Angiotensin II preferentially constricts the efferent arteriole (especially at lower/moderate levels).
In severe states, angiotensin II can constrict both, but the classic Step association is efferent > afferent.

If you see “increased angiotensin II,” think:

efferent constriction
↑ proximal Na⁺ reabsorption (Na⁺/H⁺ exchange)
↑ aldosterone, ↑ ADH

Rapid Comparison Table (High-Yield for Q-bank Speed)

Trigger/Drug	Primary arteriole effect	GFR	K⁺	Renin	Aldosterone
ACEi / ARB	Efferent dilation	↓	↑	↑	↓
NSAIDs	Afferent constriction	↓	(variable)	↓ (often)	↓ (often)
Loop diuretic	(volume depletion; also macula densa “low NaCl”)	↓/variable	↓ (often)	↑	↑
Primary hyperaldosteronism (Conn)	none primary	(usually normal)	↓	↓	↑
Bilateral renal artery stenosis	↓ renal perfusion → RAAS up	↓ (ACEi can drop sharply)	variable	↑	↑

Common Step Traps & How to Avoid Them

1) “Creatinine went up after ACE inhibitor” — panic or expected?

Mild rise: expected due to efferent dilation lowering $P_{GC}$ .
Big rise, refractory HTN, abdominal bruit: think renal artery stenosis (especially bilateral).

2) Hyperkalemia mechanisms (don’t memorize—predict)
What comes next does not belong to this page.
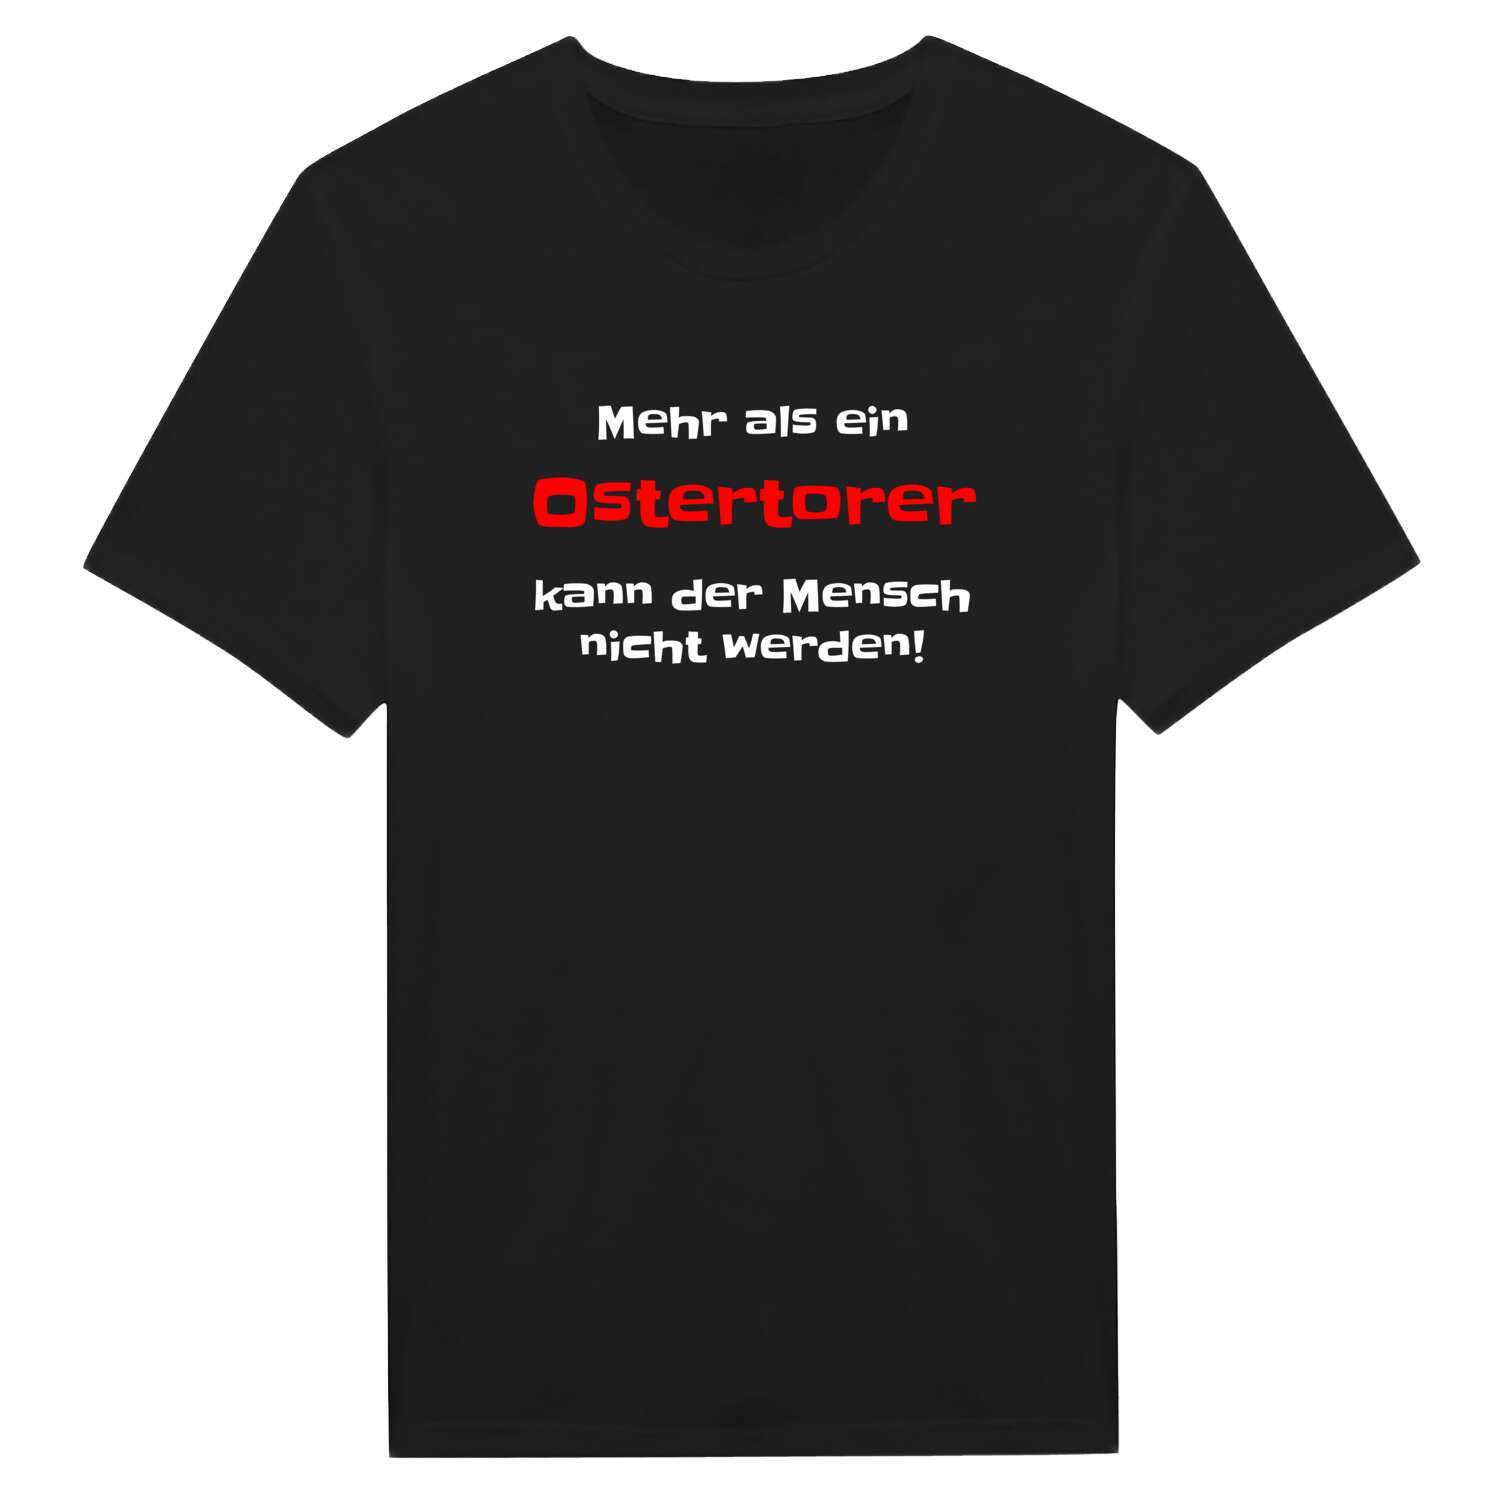 Ostertor T-Shirt »Mehr als ein«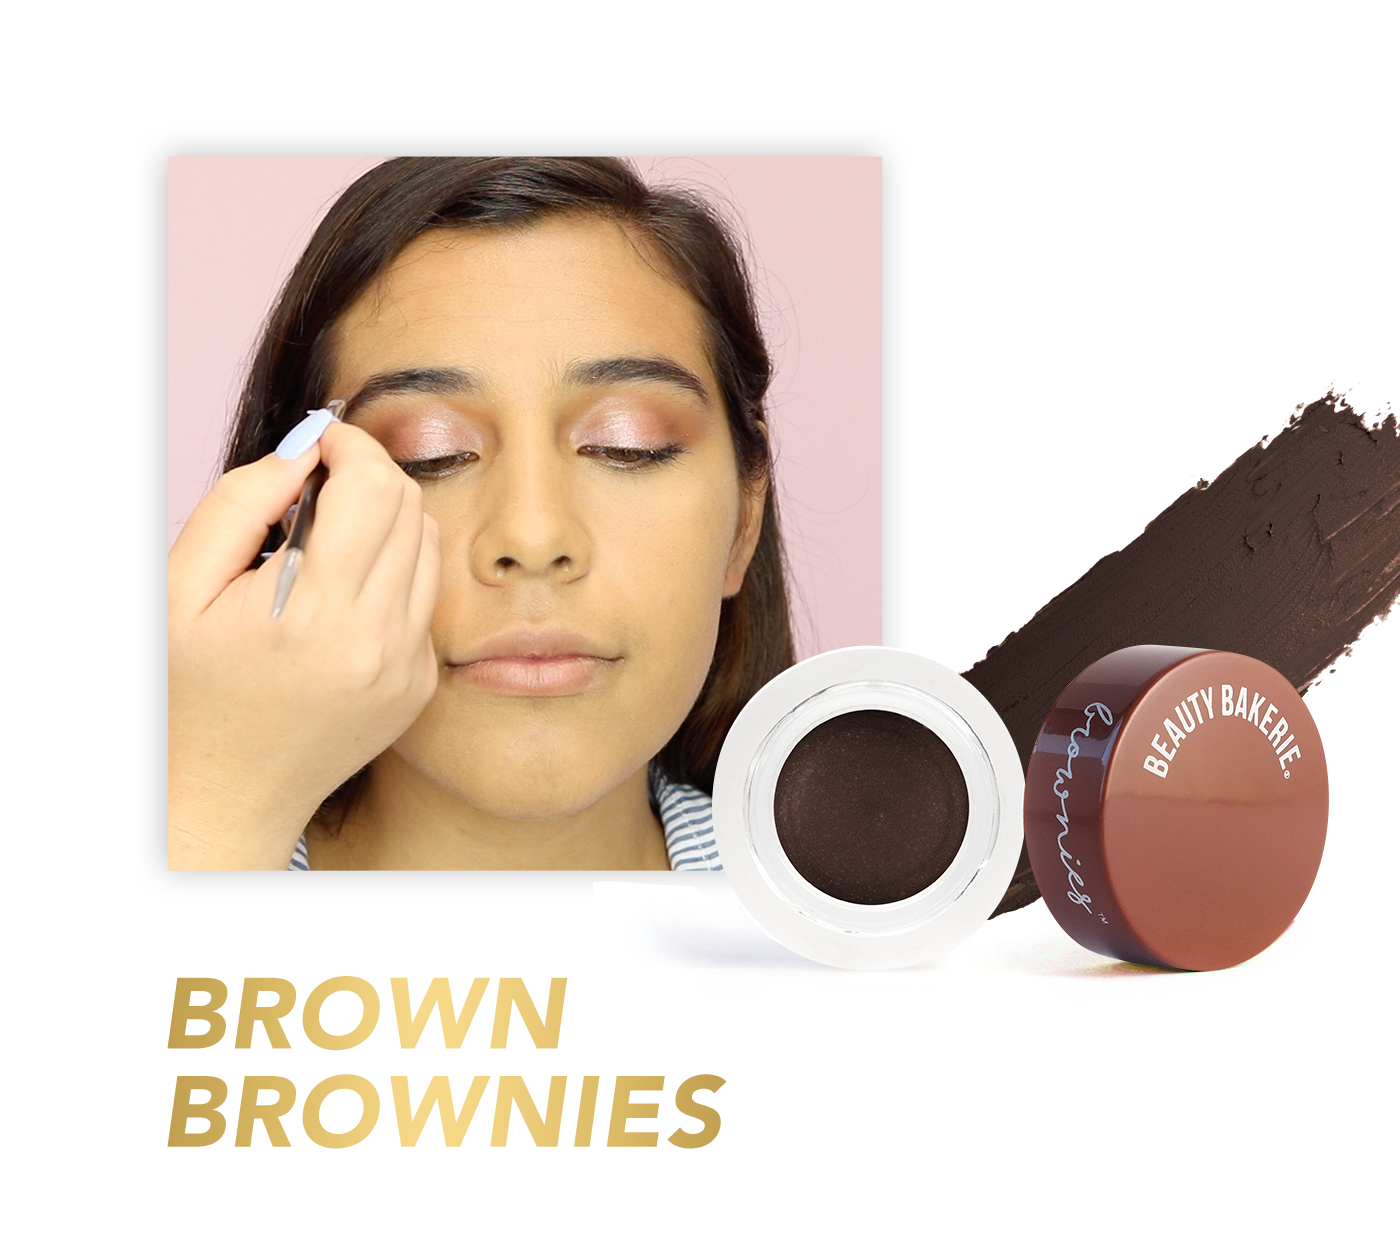 Brown BROWnies

ACEi/ARB → ↓ ang II → ↓ aldosterone → ↓ ENaC/Na⁺ reabsorption → ↓ K⁺ secretion → hyperkalemia.

3) RAAS and acid–base

Aldosterone excess → ↑ H⁺ secretion → metabolic alkalosis
Aldosterone deficiency or resistance (type 4 RTA) → metabolic acidosis + hyperkalemia

Take-Home: The One-Liner You Want on Test Day

ACE inhibitors and ARBs dilate the efferent arteriole, lowering intraglomerular pressure and GFR → creatinine rises; they also lower aldosterone → hyperkalemia.